From the entries below, copy exactly the lines from the one that contains "Float dekoriert wie" through the one that contains "Perfume - ESCAPE", both included, and only those.

(Data extracts)

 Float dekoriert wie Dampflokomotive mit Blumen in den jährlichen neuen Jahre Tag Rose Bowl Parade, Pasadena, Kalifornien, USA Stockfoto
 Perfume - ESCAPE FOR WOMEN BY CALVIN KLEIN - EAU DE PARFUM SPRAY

(End Data extracts)
(Data extracts)

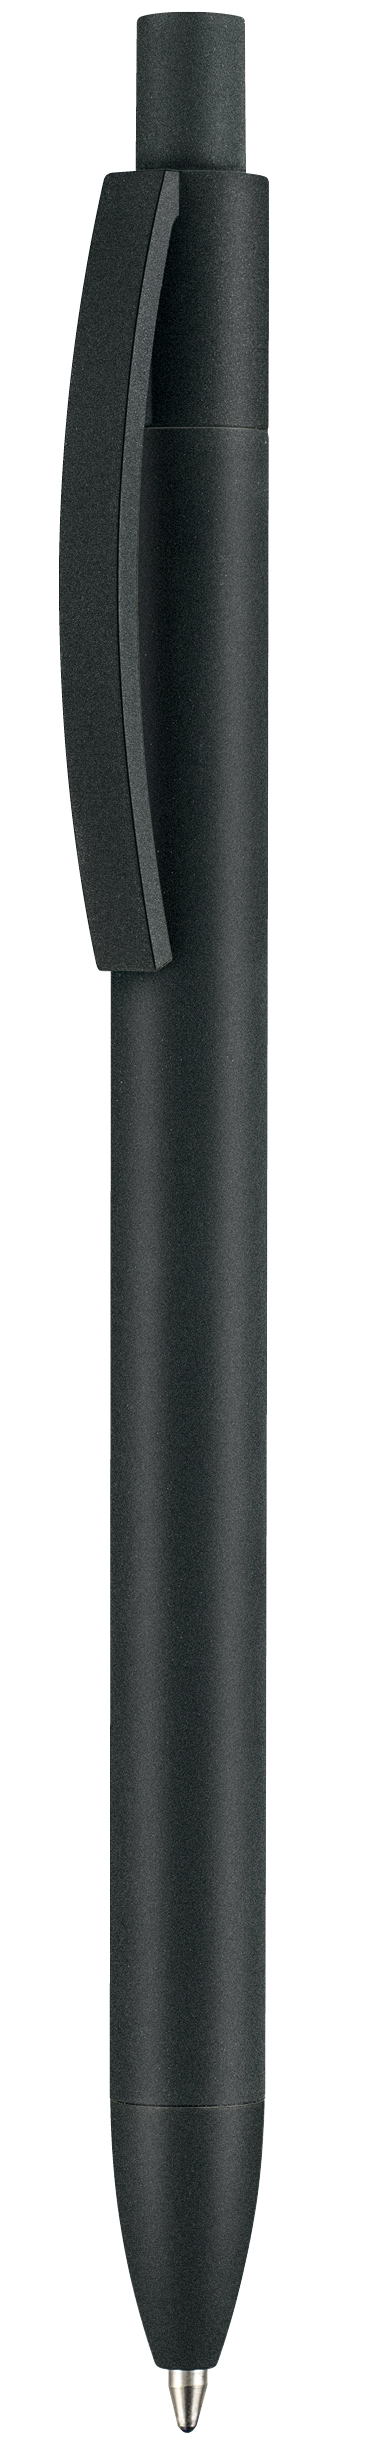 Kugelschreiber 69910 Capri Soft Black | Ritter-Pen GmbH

(End Data extracts)
(Data extracts)

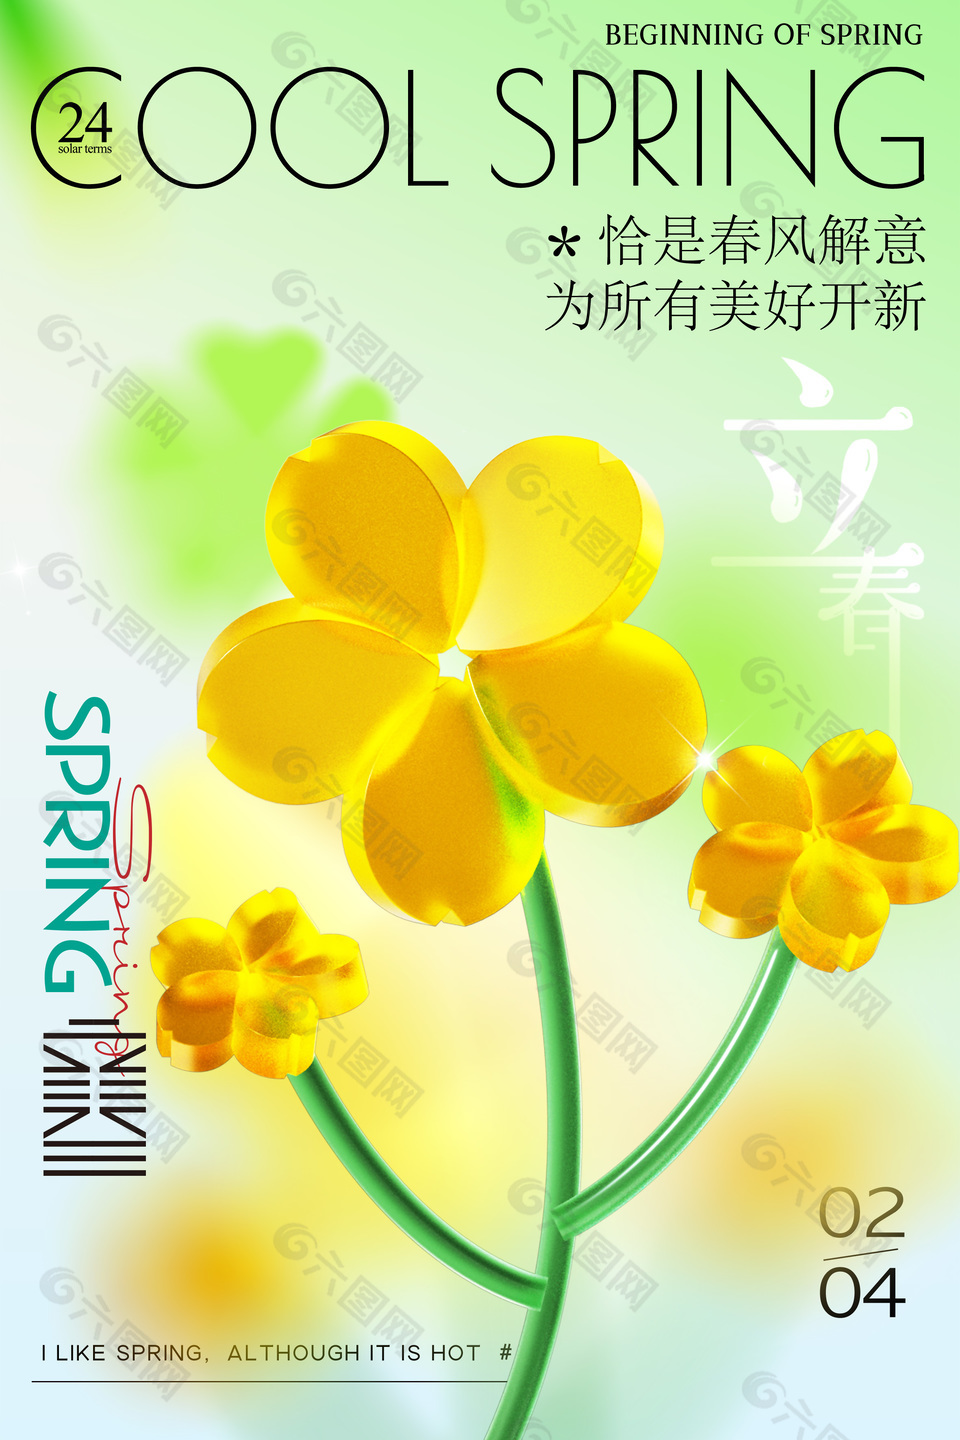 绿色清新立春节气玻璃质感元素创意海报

(End Data extracts)

Output of the exercise:
 Float dekoriert wie Dampflokomotive mit Blumen in den jährlichen neuen Jahre Tag Rose Bowl Parade, Pasadena, Kalifornien, USA Stockfoto
 Perfume - ESCAPE FOR WOMEN BY CALVIN KLEIN - EAU DE PARFUM SPRAY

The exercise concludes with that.